8 Haw. 199 | Haw. | 1891
Opinion or the Court, by
The defendants were convicted in the Police Court of Honolulu on the 3rd day of December, 1890, of violating Chapter XL. of the Laws of 1886, and appealed to the Supreme Court, and their case was entered on the calendar of cases for the January Term. Early in the term the Attorney-General filed a motion that the case “ be stricken from the Calendar on'Jthe ground that no appeal lies from a conviction on the charge of vagrancy,” and requested the Court to reserve the question raised by the motion for the consideration of the Court in Banco. The matter was argued before this Court during the January Term.
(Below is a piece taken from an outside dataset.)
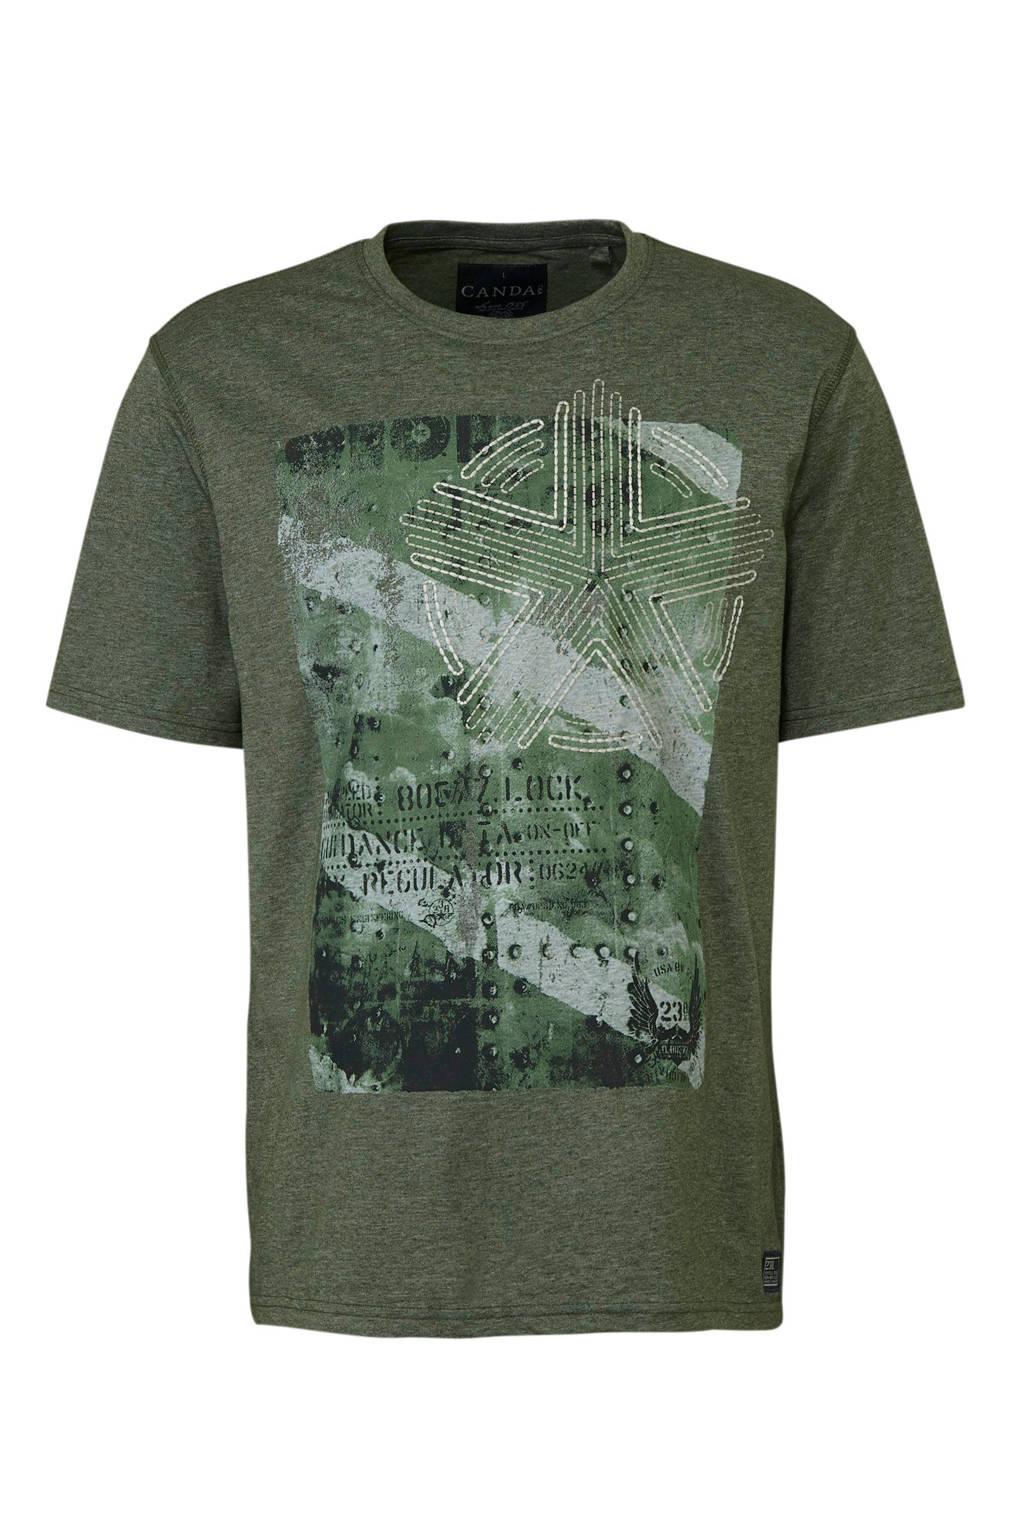 C&A Canda T-shirt, Khaki groen

The Attorney-General contends that no appeal lies from a conviction of vagrancy under the precedents of the Common Law, and refers to the Hawaiian case of The King vs. Coffee,
Chapter XL. of the Laws of 1886 is entitled, “ An Act to amend Section 1 of Chapter XXXVII. of the Penal Code and the Act amendatory thereof, relating to vagrants and idle and disorderly persons.” This amendment has, in some respects, radically modified the original law, which provides for the punishment of offenses which are defined rather as conditions of living or habitual methods of obtaining a subsistence, than acts; for instance, habitual begging by an able-bodied person, or living in idleness and eating the food of others by one without visible means of support. The amended law, on the other hand, has added several offenses which are.acts, such as soliciting alms, subscriptions or contributions under false pretense, or entering by night without lawful excuse a dwelling-house, warehouse, outhouse or enclosed yard.
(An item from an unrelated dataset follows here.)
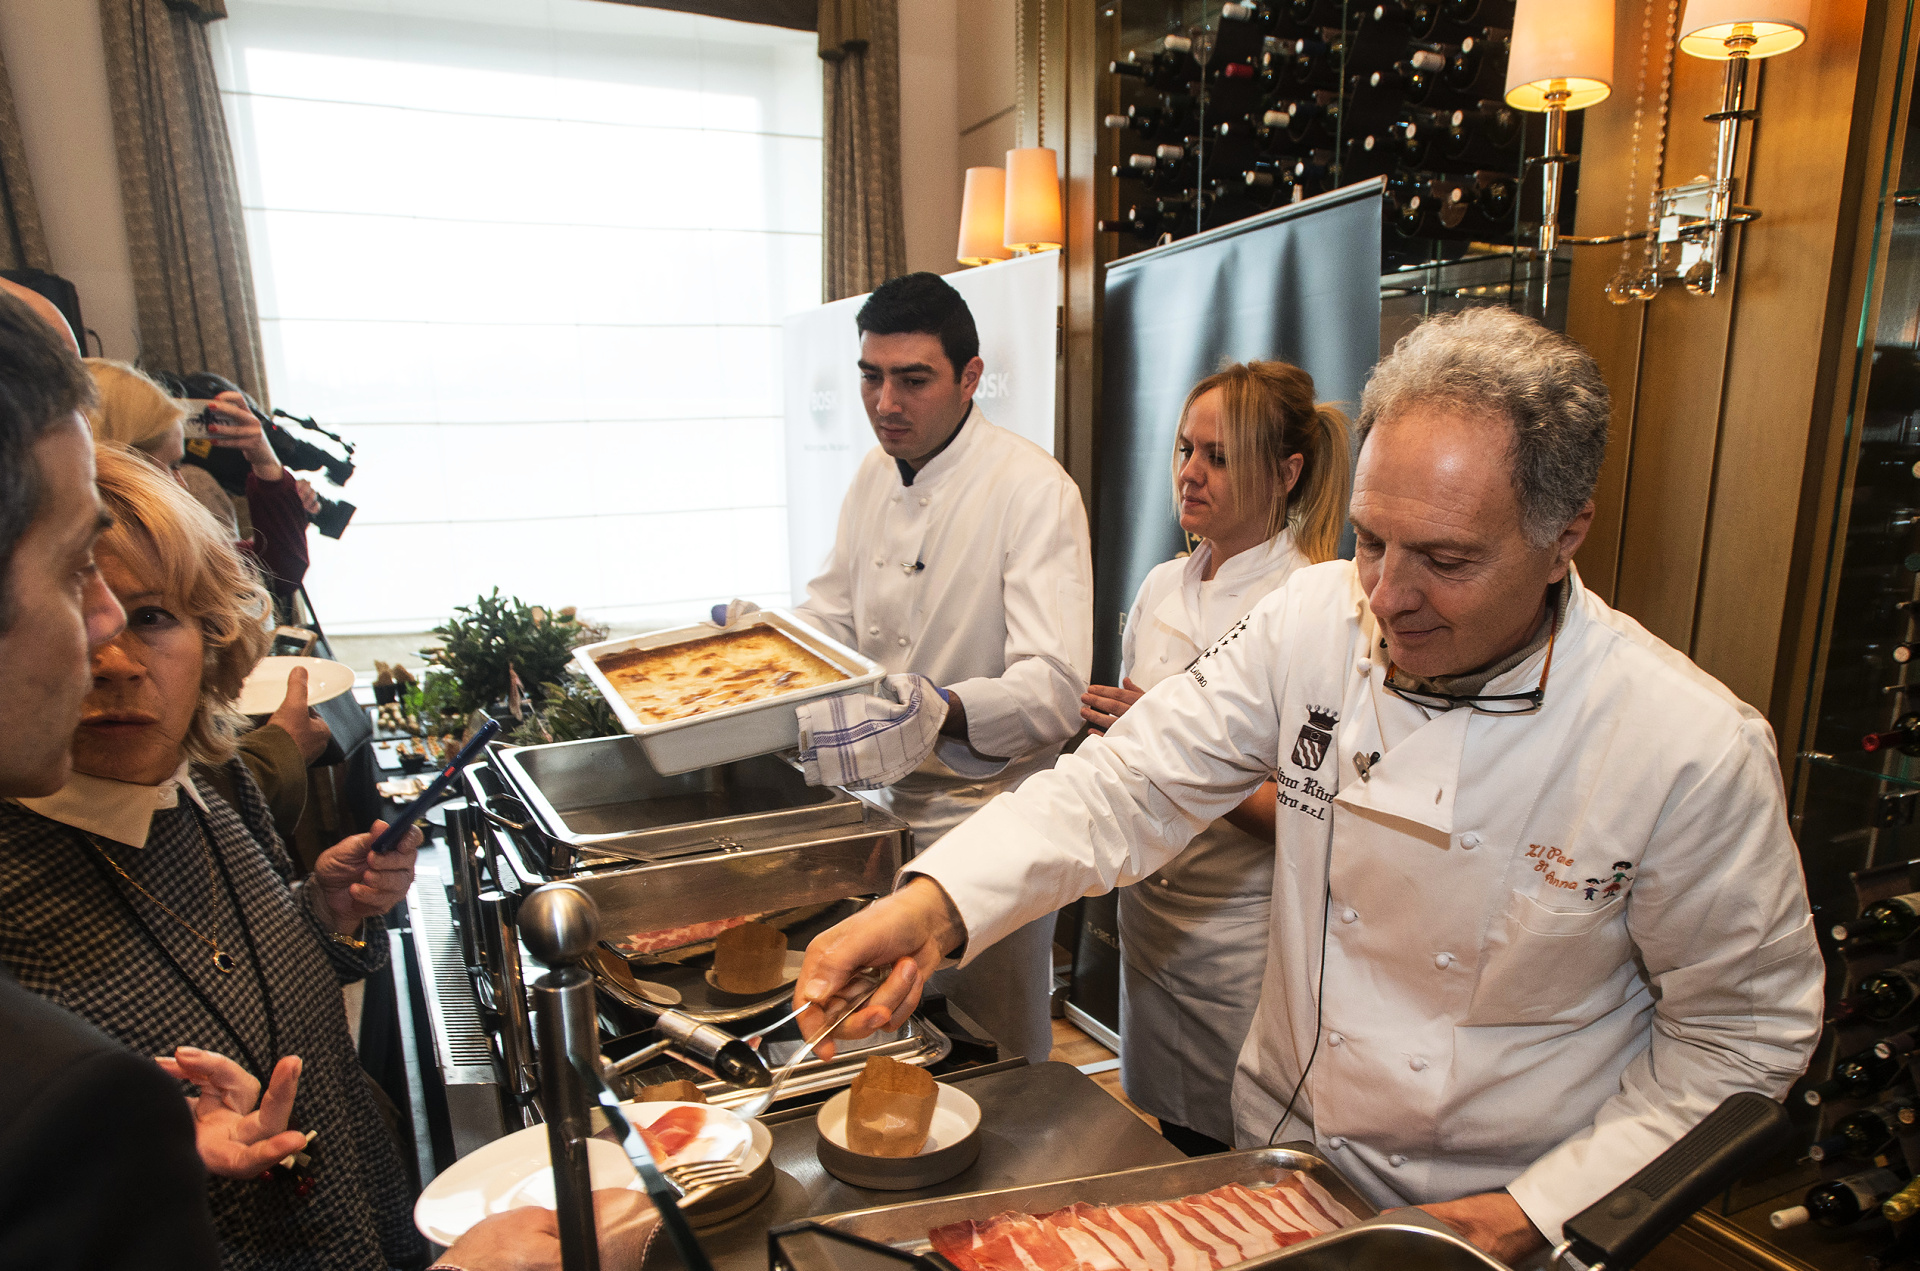 Bosk - Esplanade gluten free cerfitikat_ Ana Grgić, chef Esplanade, talinanski chef Eugenio Rivetti

Vagrancy being a status rather than an act, a person found guilty of the last-mentioned offenses and punished therefor is not thereby convicted of vagrancy, even though the two classes of offenses are defined in the same act and punished with the same penalties.
The evidence, upon which the conviction of the defendants in the Police Court was based, shows that if they are guilty of violating the law in question, they are guilty because of the commission of an act, and not because of any habitual condition of living: to wit, entering by night without lawful excuse a building or an enclosed yard.
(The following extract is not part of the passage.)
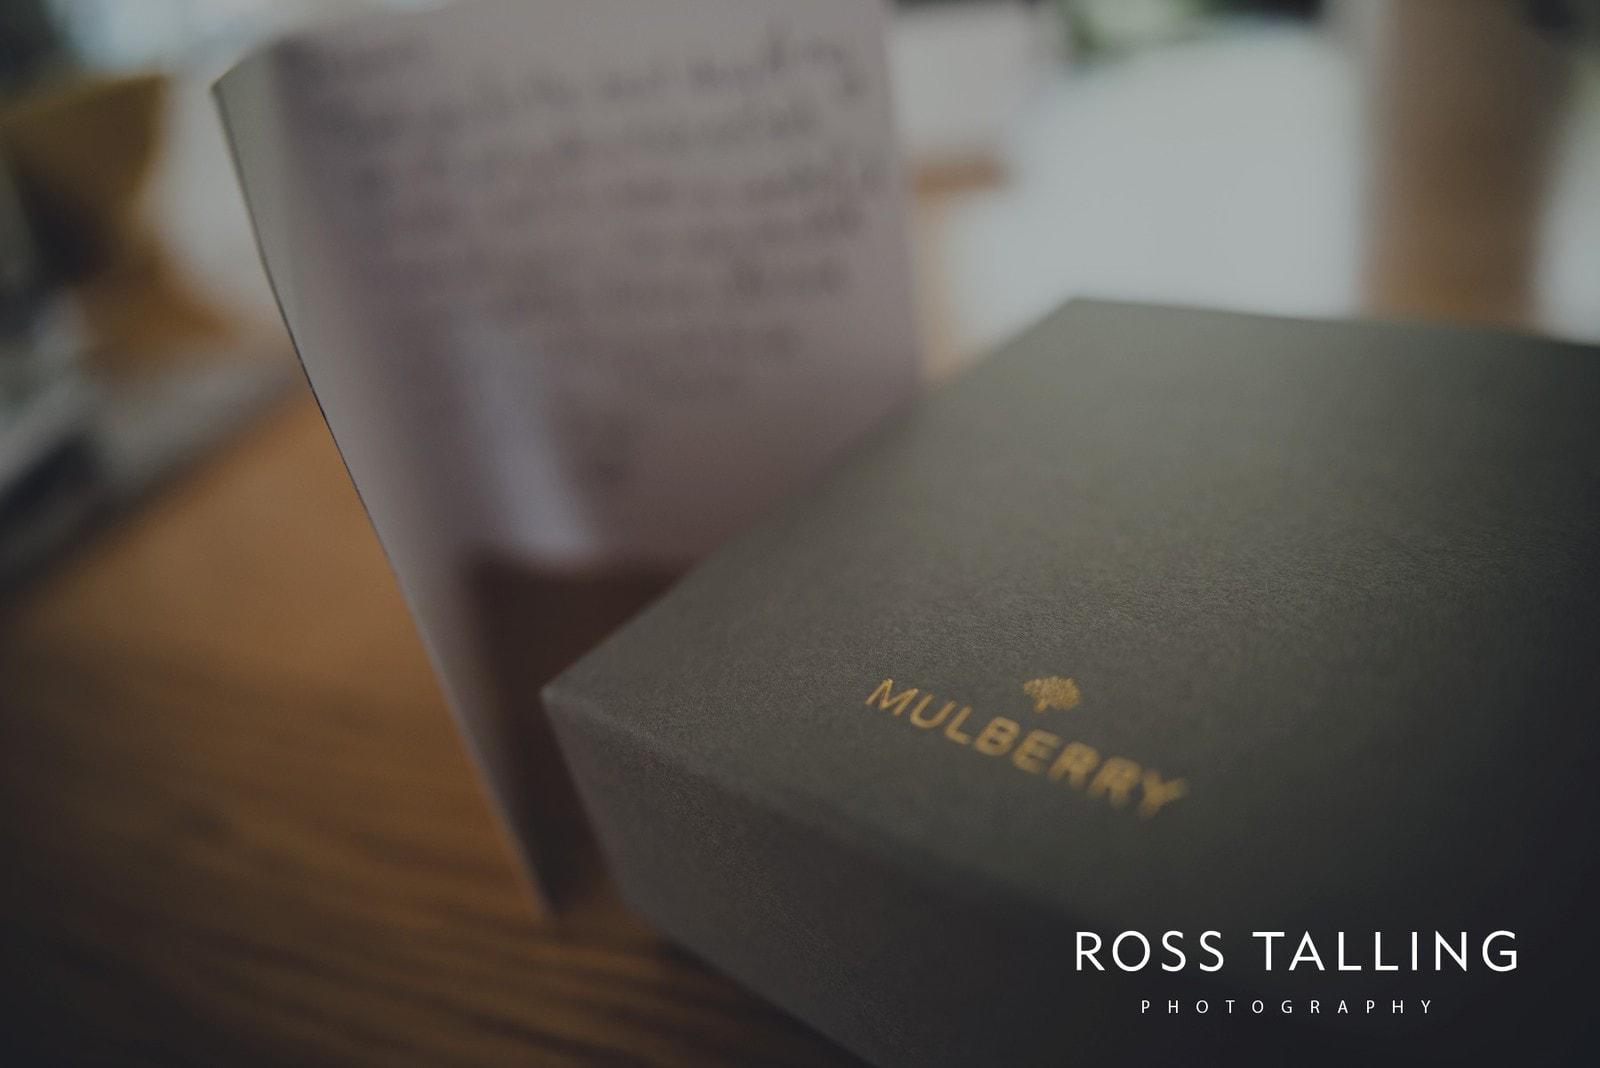 laura-matts-rosevine-hotel-wedding-photography-cornwall_0013

Whatever may be the Common Law rule as to appeals from convictions of vagrancy, it does not seem that such a rule would apply under the above reasoning to the case before the Court, supposing our statute law to be silent on the subject. We find, however, that our law (Chap. 62 Laws 1886) gives the right of appeal from the Police and District Courts in all cases, civil and criminal. Under these circumstances, Common Law precedents cannot affect the rights of parties to their appeal.
We therefore overrule the motion for dismissal of the appeal.